There's no need for the plastic snap-on covers with crazy prints and designs that are for sale in the States - you can just buy a Japanese phone to match your personality. Leopard-print phone? You got it. Holographic, neon pink phone? Coming right up. The first time I saw a friend's silver cell phone, I felt more pity than anything else. It would be like walking into the world's most incredible candy store and walking out with a stick of Trident gum.

Then there are the capabilities of these phones. Just thinking about the hours my friends and I have logged playing with our phones is too tragic and embarrassing to calculate. Then again, what else is there to do on an hour-long subway ride?

Sit on any train line and just watch the people surrounding you. Middle-aged salary men, housewives, school children, construction workers - even toddlers are toting these things and playing with them. Cell phone usage on subways is so routine, there is a universal rule that everyone must put their phones on "manner" (silent) mode while on the trains. Otherwise, everyone would go deaf or insane from the amount of ringing that would be happening.

My phone's camera, if used carefully and properly, can actually spit out images that rival those of a decent digital camera, and it can hold about 300 pictures at a time. There's a way to attach photos of your friends to your call list, so whenever they call, text message, or e-mail you, their photo appears on both the main screen and the mini screen that's on the front of the flip phone cover.

If you meet someone and want to get their number, there's a way where you both can hit an "exchange data" button, hold your phones next to each other, then - viola! -your phone number, picture, e-mail address, and any other information you included in your profile is automatically transferred to their phone's address book.

I can send text messages (or "c-mail," as they're called here) in Japanese and English, and attach any of the hundreds of little icon images available. Want to tell someone that you just got blood drawn? There's a handy icon of a needle with blood in it. Need to tell someone you're broke? Find the picture of the 1,000 yen bill with wings on it, to express that your money has flown away. It's all so unnecessary, yet so addictive.

Surfing the web is a breeze, even from a moving subway underground. That's the other mind-blowing aspect about these phones - they're almost never without service. The only times I've been unable to get service are during the two-second intervals when I'm entering some of the train stations. That's it.

For those really suffering from boredom - which is a state I have not reached yet, thankfully - there are a host of options for entertainment on cell phones. You can watch live TV, movie trailers and actual movies that are constantly updated in your phone's memory bank, peruse a Japanese-English dictionary, and play games that aren't much lower in quality than video games. After all, this is the birthplace of Nintendo. And it's all quite easy to do in a crowd of people because you can plug in headphones.

Last, but certainly not least (because 1,000 words are not nearly enough to do justice to these phones), there is the battery duration.
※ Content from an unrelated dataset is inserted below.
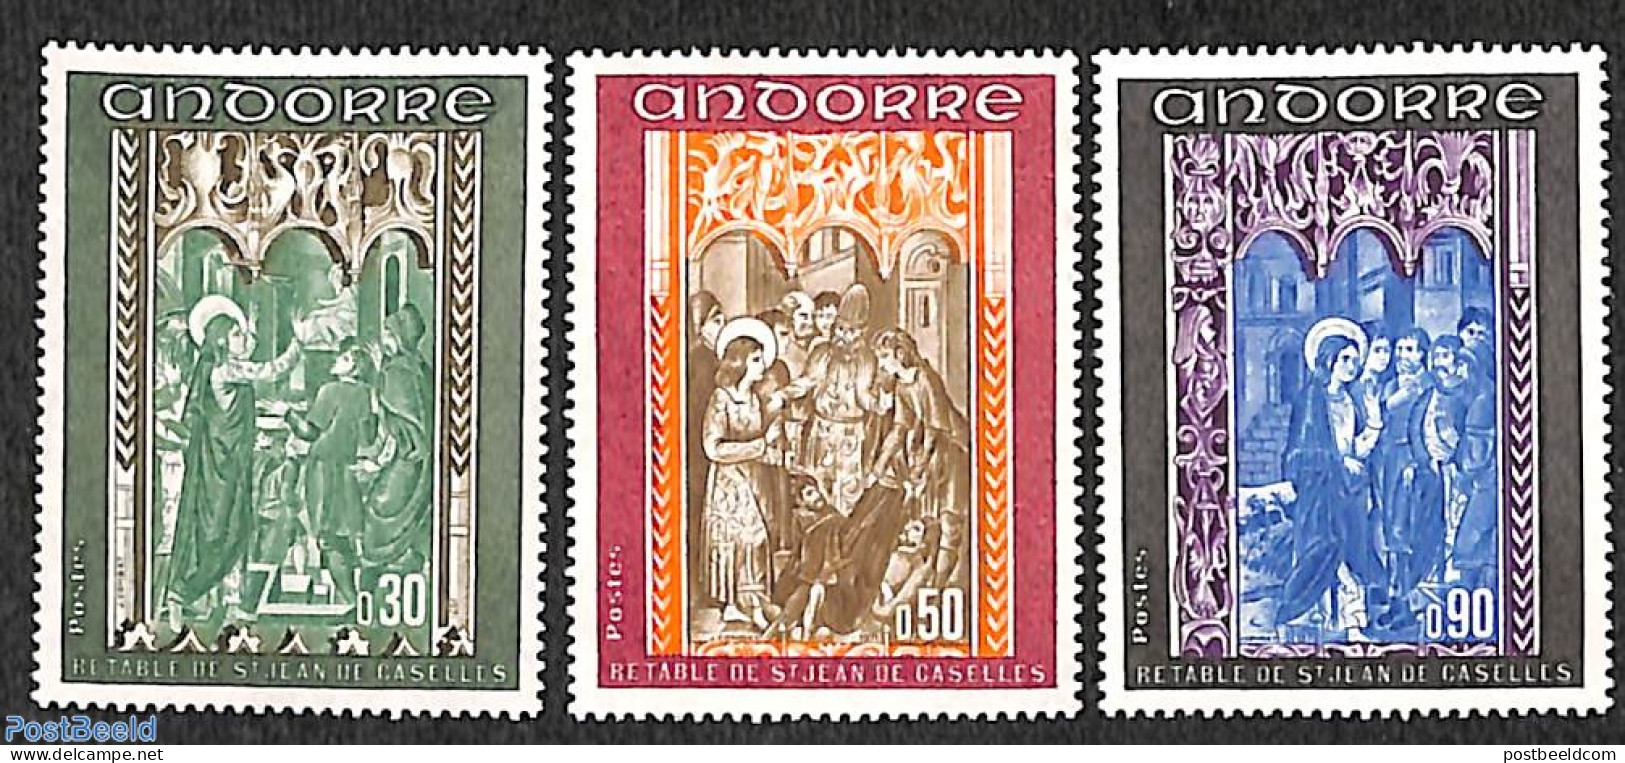 Andorra, French Post 1971 Frescoes 3v, Mint NH, Religion - Religion - Art - Paintings - Unused Stamps

The battery on my American cell phone, if used strictly for phone calls a few times a day, would be done in about four days maximum. Here, you can coast through a week and a half with at least one bar of battery power still remaining. By two weeks, you might need to re-charge.

Now, if you'll excuse me, there's a c-mail with a picture of a bowl of noodles and chopsticks moving up and down that I've received from a friend, implying that it's dinner time. She's also four doors down the hall from me. Communicating has never been so anti-social, yet so sensational.